Plasmodium pinotti

Scientific classification
- Domain: Eukaryota
- Clade: Sar
- Clade: Alveolata
- Phylum: Apicomplexa
- Class: Aconoidasida
- Order: Haemospororida
- Family: Plasmodiidae
- Genus: Plasmodium
- Species: P. pinotti
- Binomial name: Plasmodium pinotti Muniz and Soares, 1954

= Plasmodium pinotti =

- Authority: Muniz and Soares, 1954

Species of single-celled organism

Plasmodium pinotti is a parasite of the genus Plasmodium subgenus Giovannolaia.

Like all Plasmodium species P. pinotti has both vertebrate and insect hosts.

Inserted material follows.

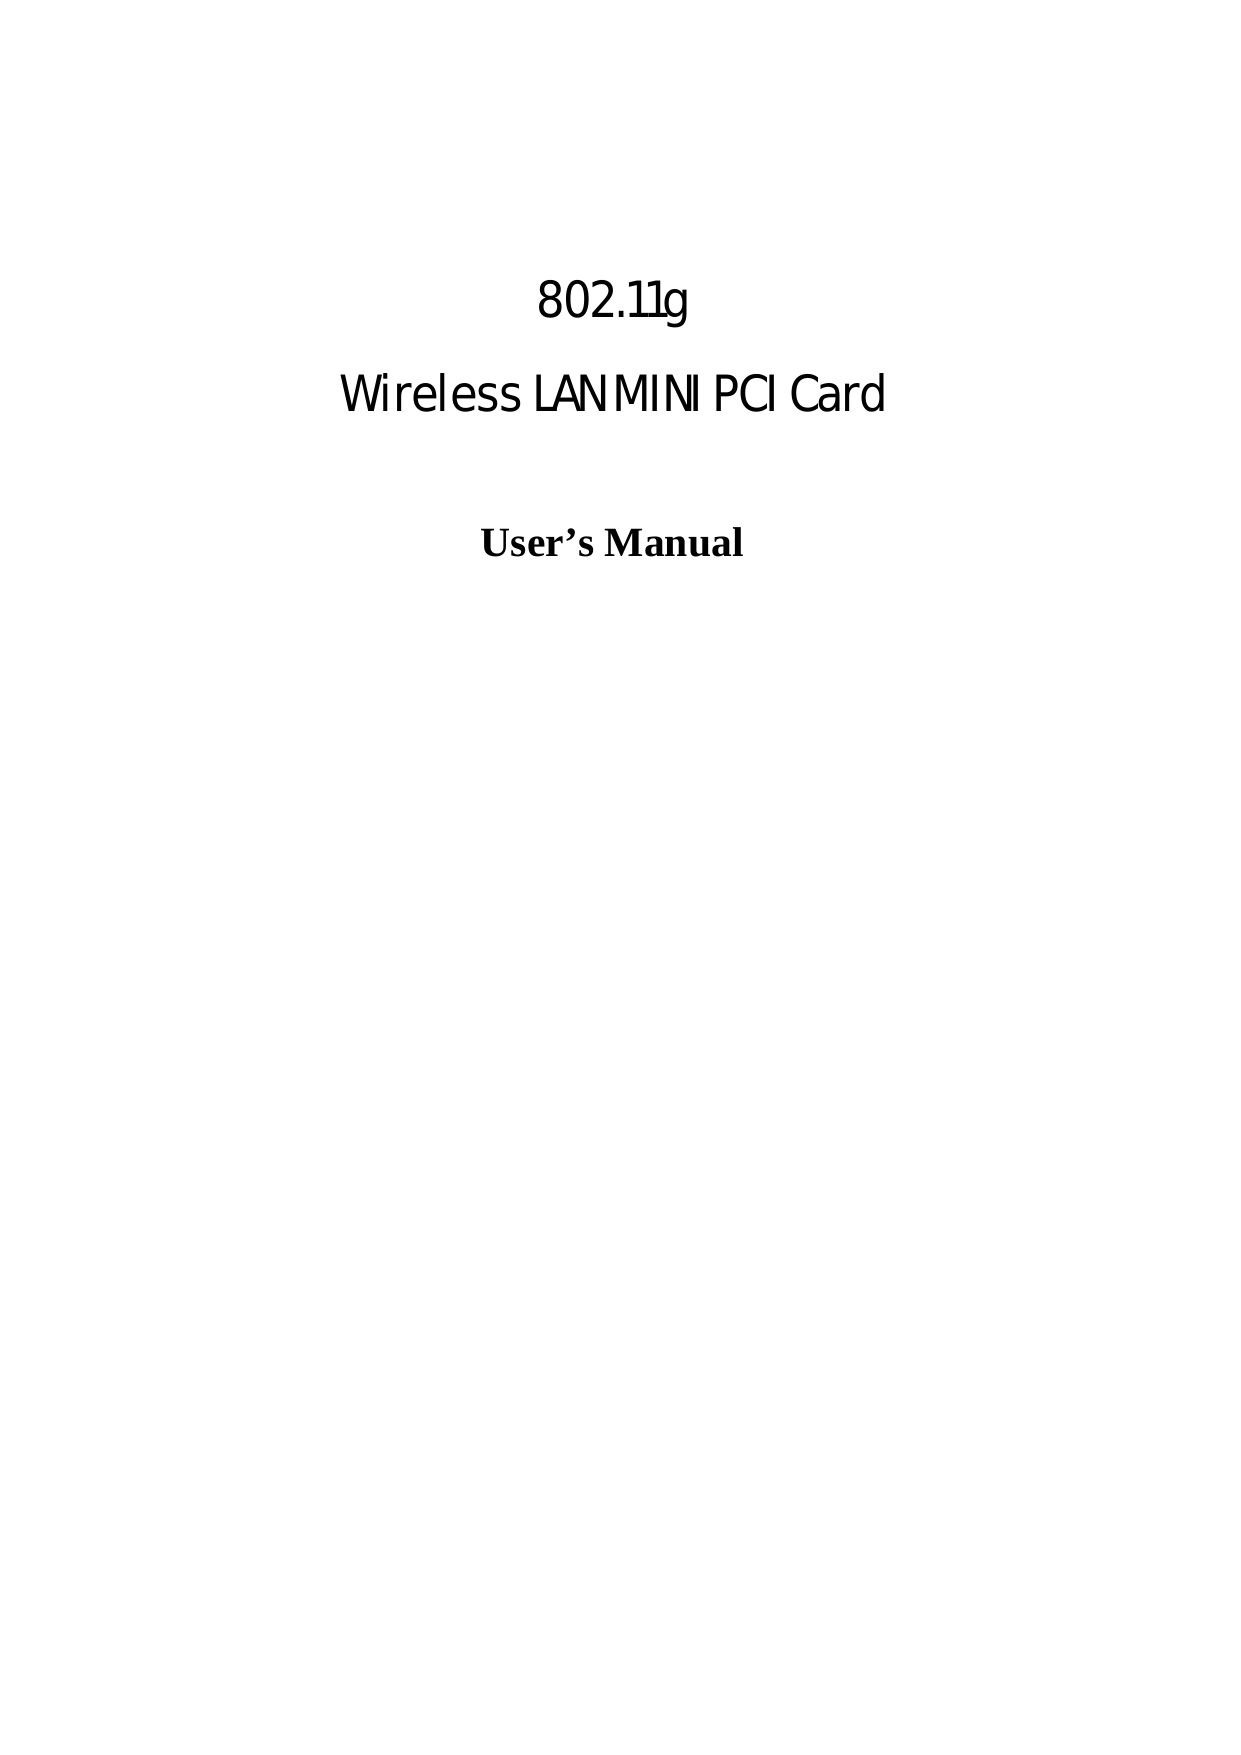     802.11g  Wireless LAN MINI PCI Card  User’s Manual

The vertebrate hosts for this parasite are birds.

== Description ==
The parasite was first described by Muniz and Soares in 1954. It was named after Mario Pinotti.

== Geographical occurrence ==
This species is found in Jamaica.

== Clinical features and host pathology ==
Known hosts of this species include the bananaquit (Coereba flaveola), orangequit (Euneornis campestris), yellow-shouldered grassquit (Loxipasser anoxanthus), large toucan (Ramphastos toco) and black-faced grassquit (Tiaris bicolor).